Should cost you £117.50 in total after the net £40 Cashback and then at the end of Year 1 desubscribe and you have a working Freesat system that can also resubscribe if you ever need pay tv channels for a month and also gets free movie channels like Thriller Channel, The Horror Channel, TrueMovies 1 and 2 and news channels like CNN and Euronews that are not available on Freeview. Film4 is also free on a desubbed Sky box too. Only E4 and More4 are free on Freeview but not Sky Freesat but that they are sure to go free on the Sky platform before long (especially judging from Film 4 which is broadcast totally in the clear).


----------



## The Bear

EdGillett said:


> Think I will give the Wharfdale a go from Argos - seems to be receiving favourable reviews (and it's on special @ Argos at the minute - £29.99). Unfortunately they also seem to be completely out of stock too currently!
> 
> Any experience with the Wharfdale with Tivo? Can you disable software updates and any associated channel changes? MHEG disable?





The Bear said:


> The Wharfdale box has been very good so far. Nice pic quality (Much better than my old Sagem) and very quick channel changes, even through the Tivo IR. Well pleased with it for only £29.99.
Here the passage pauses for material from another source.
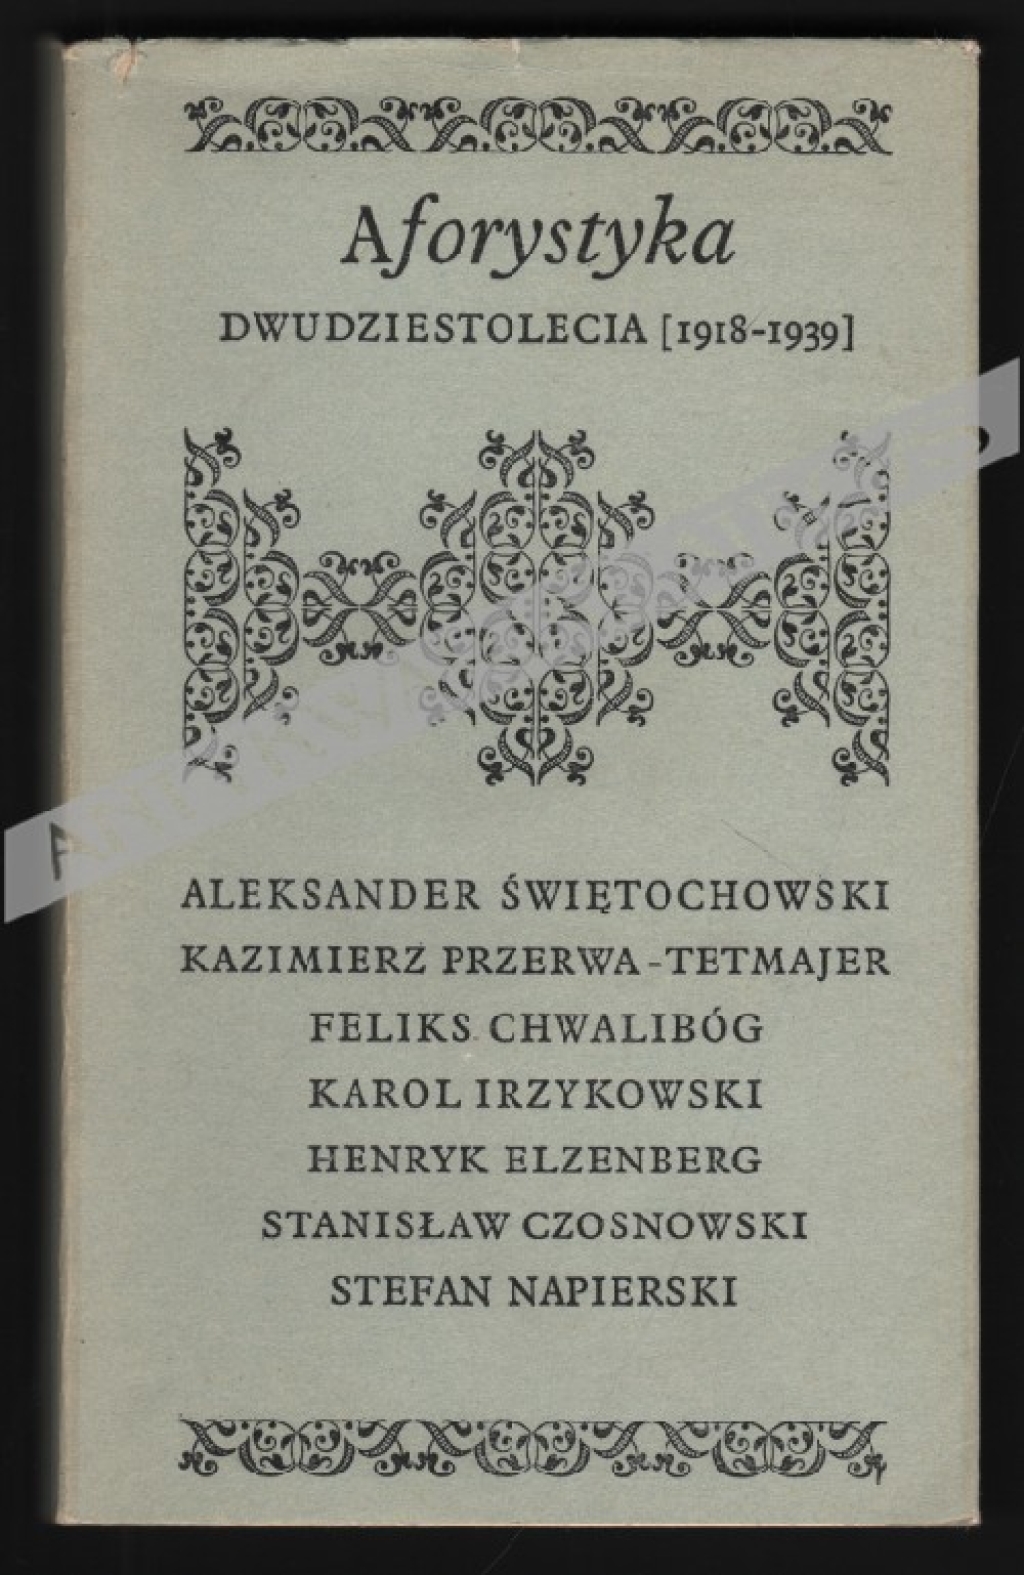 Aforystyka dwudziestolecia (1918-1939)
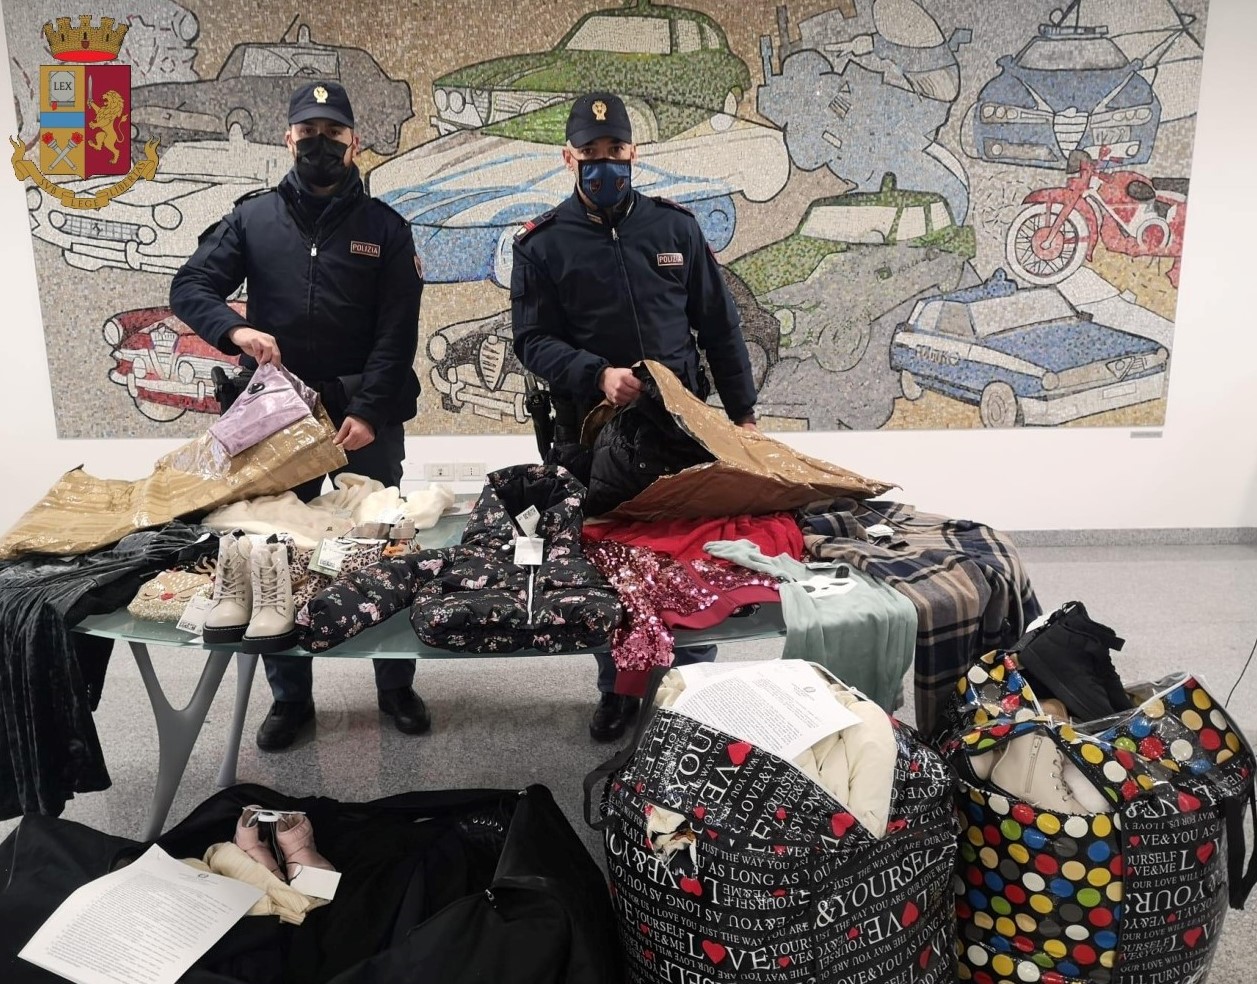 Shkatërrohet banda e shqiptarëve: Vidhnin rroba H&M në qendrat tregtare në Itali dhe i shisnin Tiranë, Durrës dhe Vlorë

You can indeed disable the auto-update via the 'configuration' menu. I don't think it auto-updates the channel changes. It certainly didn't during the last recent reshuffle of channel numbers, I had to manually rescan to renumber them.

No MHEG disable as far as I can see.


----------



## gadgetgaz

Can someone tell me what the new sony software version is please?
I don't know whether mine updated itself although I have noticed that all the guide data vanished and was replaced with "No information" in every slot.
After reading that there may have been an update I powered the box down and on again. Now all the guide data is back.
I will have to wait for a BBC3 recording to tell if the stupid blank screen thingy has disappeared.
Thanks


----------



## Pete77

gadgetgaz said:


> I will have to wait for a BBC3 recording to tell if the stupid blank screen thingy has disappeared.


No need to wait for a BBC3 recording as its widely reported that "the stupid blank screen thingy" problem has not yet been eliminated.


----------



## AMc

Freeview.co.uk says the postcode is OK. The TV aerial is readily accessible and I've fitted my own aerial, masthead amp, diplexers etc. here so I can do the 'professional install' myself for about £50 if needs be.

Glad to hear that the Old OnDigital box should work OK. Mine is a DTX6371 apparently and slightly surprisingly has "Made in Britain" on the bottom.

I expect I'll look at audio and video for the whole house once we're in for a while but it's nice to know I can get Tivo up and running.



Pete77 said:


> Only E4 and More4 are free on Freeview but not Sky Freesat but that they are sure to go free on the Sky platform before long (especially judging from Film 4 which is broadcast totally in the clear).


Unfortunately that's a deal breaker until they get to the end of their encryption deal with Sky but maybe they'll be out of contract by the time I get to that.


----------



## AMc

Other people researching Freeview boxes may find this helpful, but take it with a pinch of salt as reviews complementing boxes on auto updating software are exactly what most of us don't want!
http://www.digitalspy.co.uk/terrestrial/reviews/


----------



## Anndra

The Bear said:


> You can indeed disable the auto-update via the 'configuration' menu. I don't think it auto-updates the channel changes. It certainly didn't during the last recent reshuffle of channel numbers, I had to manually rescan to renumber them.
> 
> No MHEG disable as far as I can see.


I haven't disabled the auto update, and I have had no problems so far. I manually retuned also.


----------



## Pete77

AMc said:


> Other people researching Freeview boxes may find this helpful, but take it with a pinch of salt as reviews complementing boxes on auto updating software are exactly what most of us don't want!
> http://www.digitalspy.co.uk/terrestrial/reviews/


Auto Updating is fine so long as the box reboots itself and goes back into normal running mode once the auto update is complete. The problem is that many boxes want you to manually press keys to install the update and return them to normal operating mode and it is those that you want to avoid.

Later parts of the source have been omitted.